◆ **Provided records**

>>>

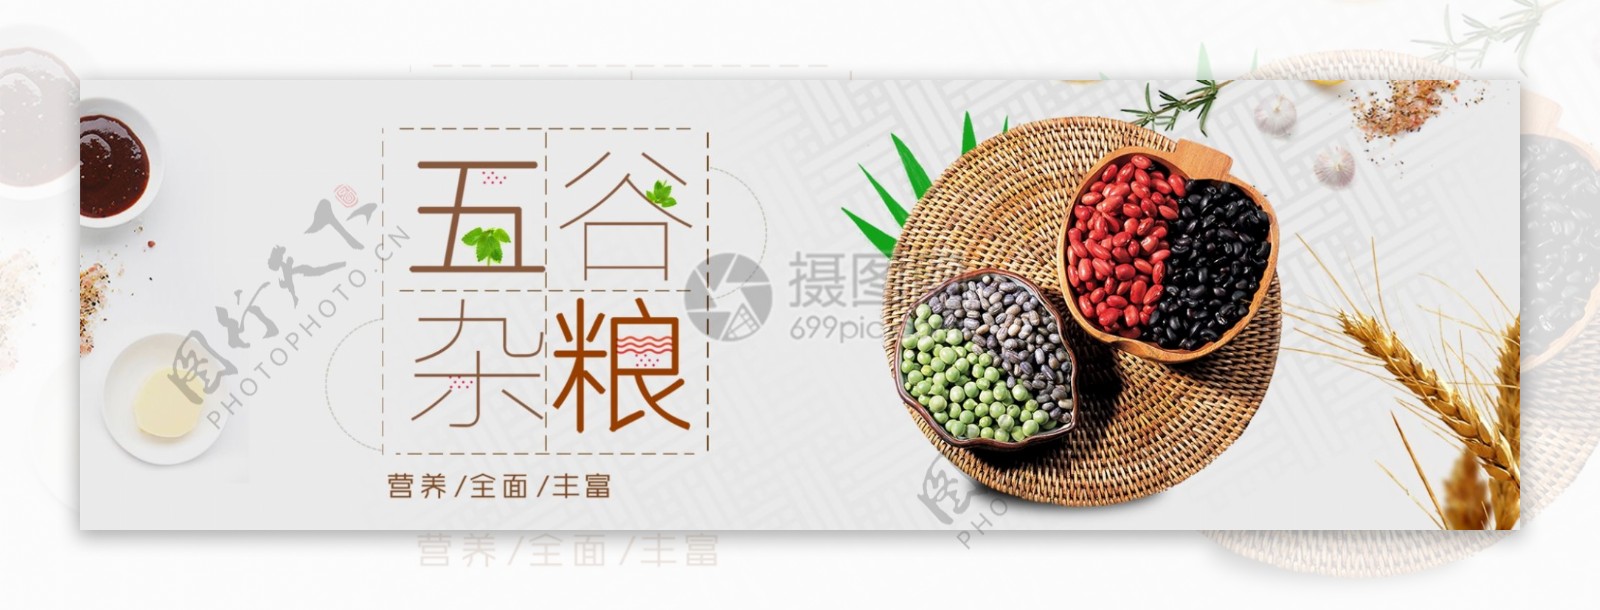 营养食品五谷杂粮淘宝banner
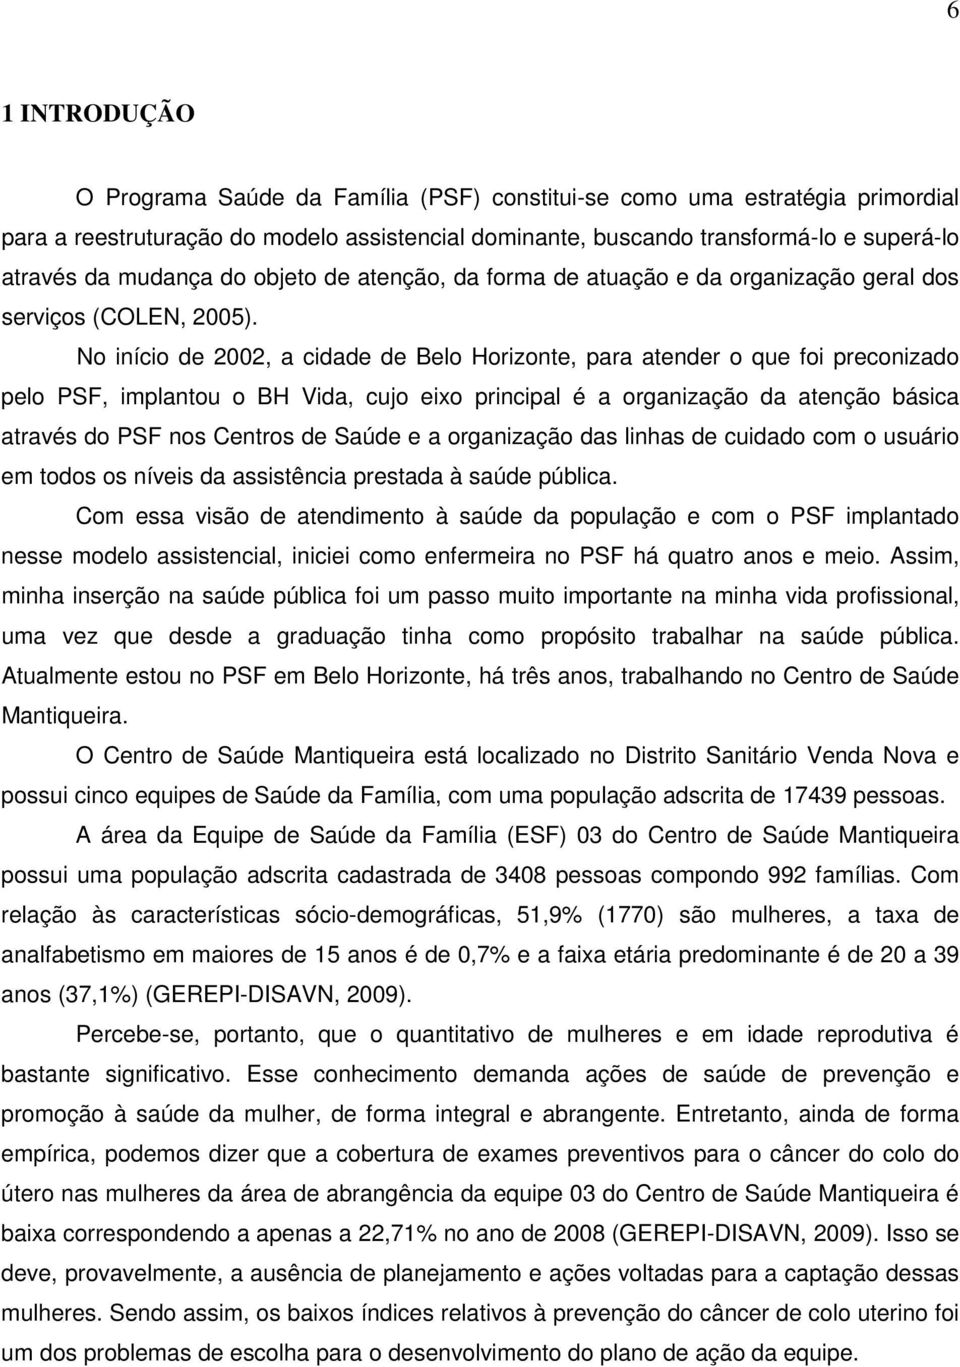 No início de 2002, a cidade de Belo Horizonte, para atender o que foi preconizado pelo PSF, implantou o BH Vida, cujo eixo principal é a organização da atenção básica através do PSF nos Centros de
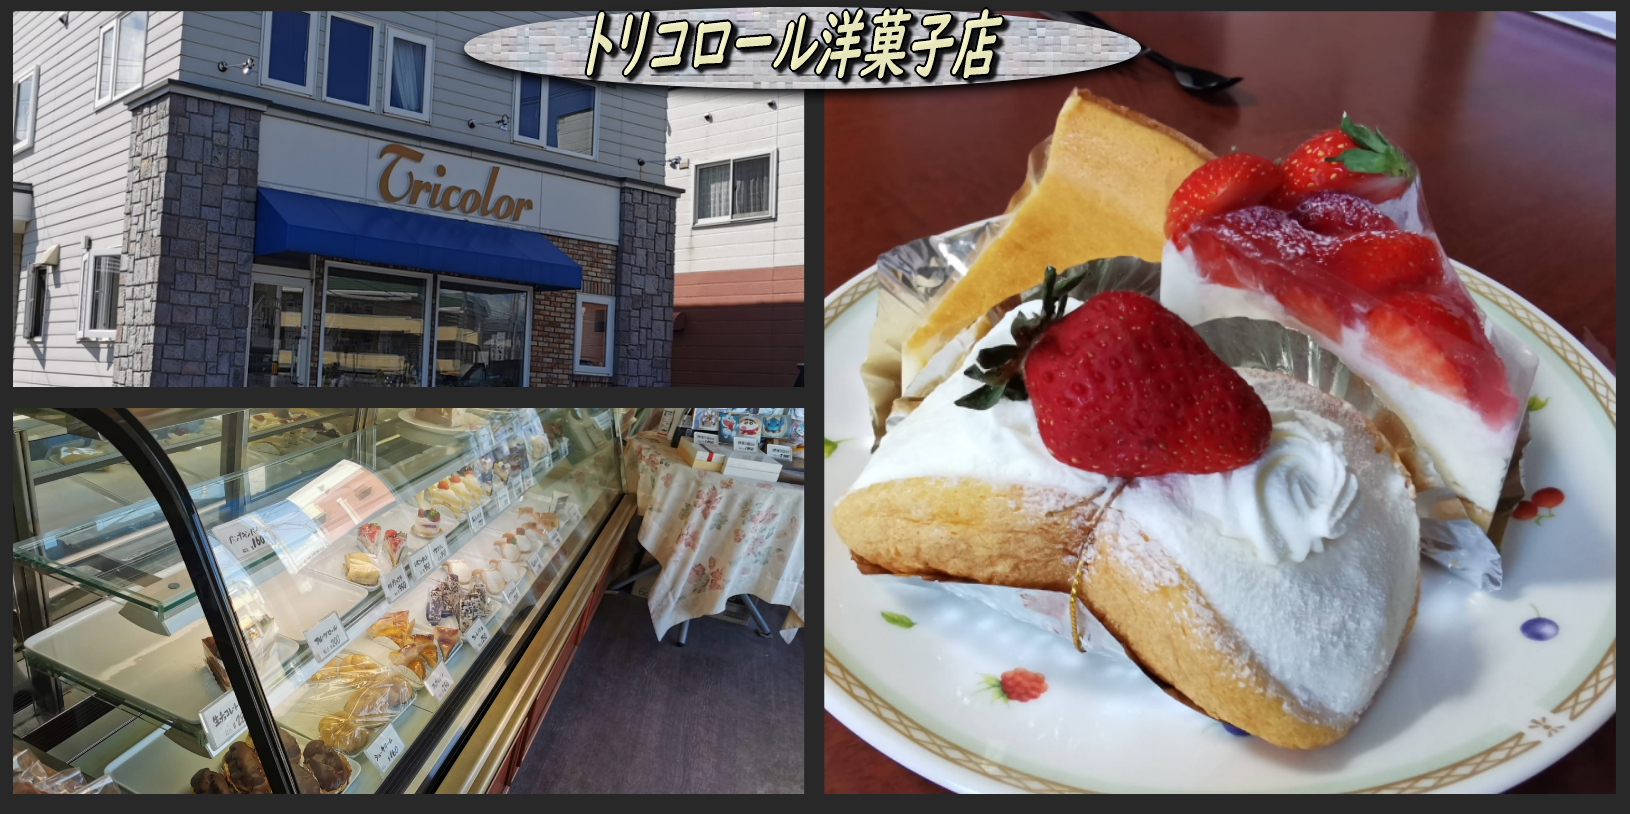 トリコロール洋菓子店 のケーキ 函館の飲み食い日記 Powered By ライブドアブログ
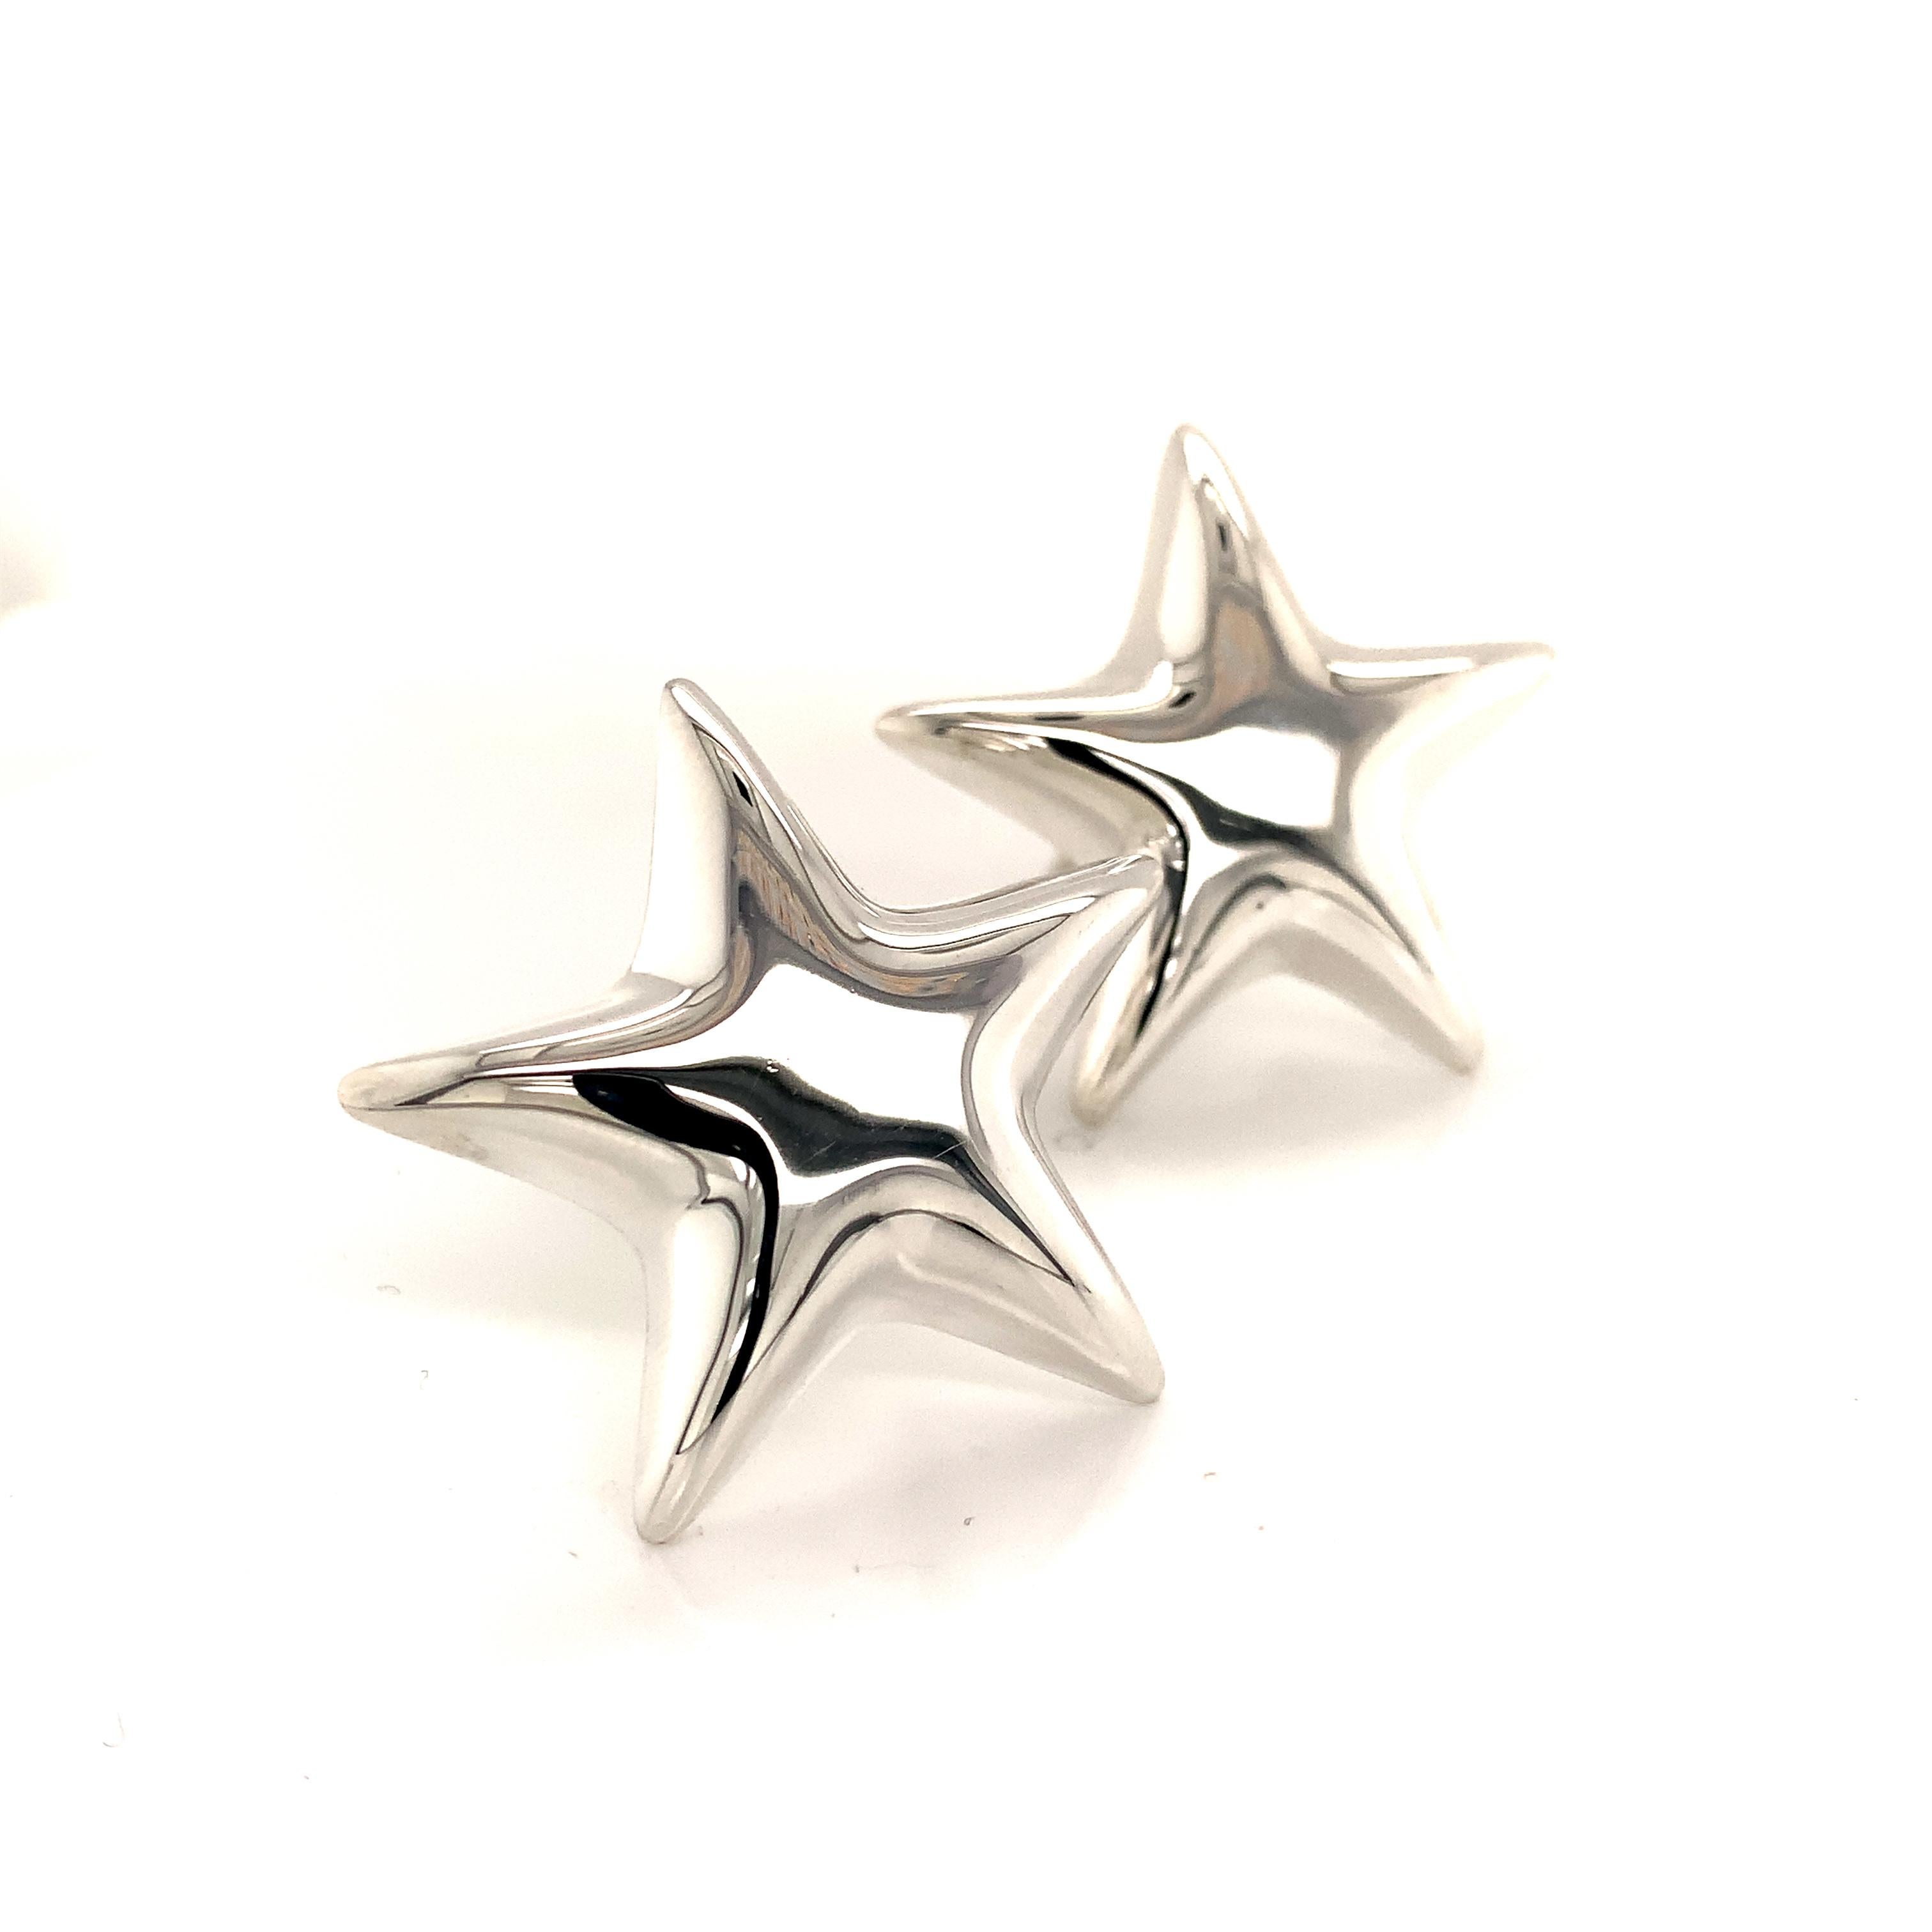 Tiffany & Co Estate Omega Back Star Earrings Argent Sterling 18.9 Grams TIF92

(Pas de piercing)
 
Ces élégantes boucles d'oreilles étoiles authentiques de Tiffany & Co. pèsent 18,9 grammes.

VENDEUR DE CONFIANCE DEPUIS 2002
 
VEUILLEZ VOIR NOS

<<<

Please quote exactly the run of lines that starts the entries and ends at the line containing "(Pas de piercing)", leaving out every picture.

◆ **Exercise result**
 营养食品五谷杂粮淘宝banner
 No início de 2002, a cidade de Belo Horizonte, para atender o que foi preconizado pelo PSF, implantou o BH Vida, cujo eixo principal é a organização da atenção básica através do PSF nos Centros de
 トリコロール洋菓子店 のケーキ 函館の飲み食い日記 Powered By ライブドアブログ
 Tiffany & Co Estate Omega Back Star Earrings Argent Sterling 18.9 Grams TIF92

(Pas de piercing)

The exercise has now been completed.